The Graham family, consisting of two adults and eight children, made do with that four-room residence with a separate kitchen, which probably contained a dining room. The house was located on a 430-acre tract belonging to the Grahams resulting from the 1851 division of the lands of John Purcell, the deceased father of Mrs. Graham. In the 1860 census, Graham was listed as a farmer with real estate valued at $3,156 and approximately $10,500-worth of personal property.

Mystery Solved

         Strangely enough, the story of Alexander Graham was not widely known. The Lumber River Scots, the compiled family history for the Grahams, included the birth and death dates for Mrs. Graham and all her children, yet it did not mention the birth and death dates for Alexander Graham nor the circumstances of his death.

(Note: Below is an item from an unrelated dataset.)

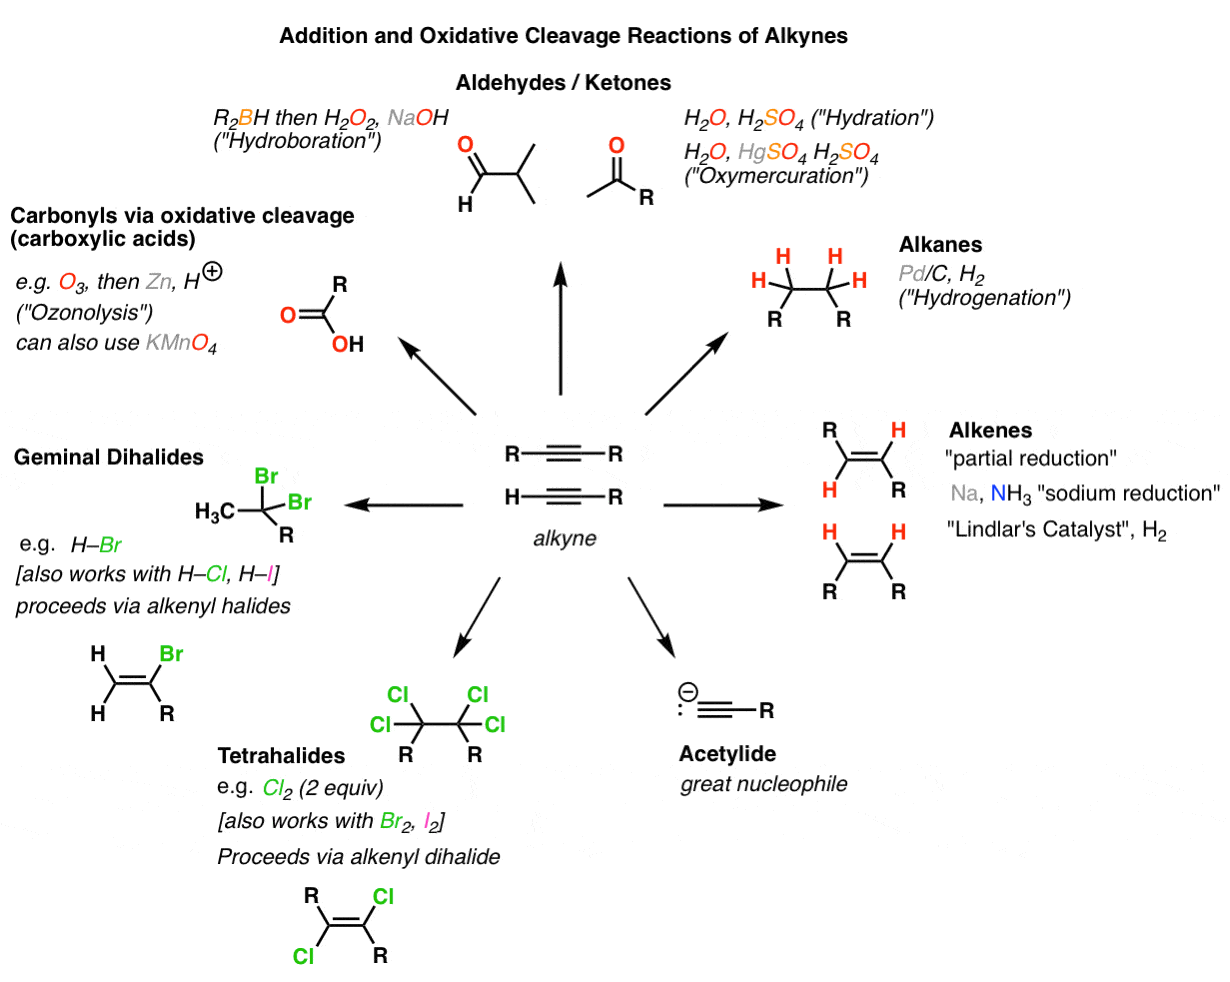 transformations of alkynes gto give aldehydes ketones alkanes alkenes cis trans acetylides tetrahalides dihalides carbonyls

In addition to Currie’s narrative mentioning Alexander Graham’s story, a letter dated July 12, 1937, written by Dr. William A. McLeod, a Presbyterian minister in Texas, to Dr. A.C. Bethune of Raeford referred to Alexander Graham as having been “killed in 1865 by Sherman’s bums.”

Through the years, the author had noticed Graham’s date of death, engraved on his tombstone as March 9, 1865, as a coincidence—it being the same date that General Sherman’s troops were present in Robeson County. Since Graham was 65 years of age then, the author assumed that the stress of the Union army’s arrival had resulted in a natural death for a man of his age. The research and information provided by John C. Kelly of Rockville, Maryland, descendant of local families and native of Hoke County, and that of Dickson McLean, Jr. uncovered the answer to this mystery for which the author is much indebted.

 

Editor’s Note: When the term “servant” is being used, the author is referring to an enslaved individual.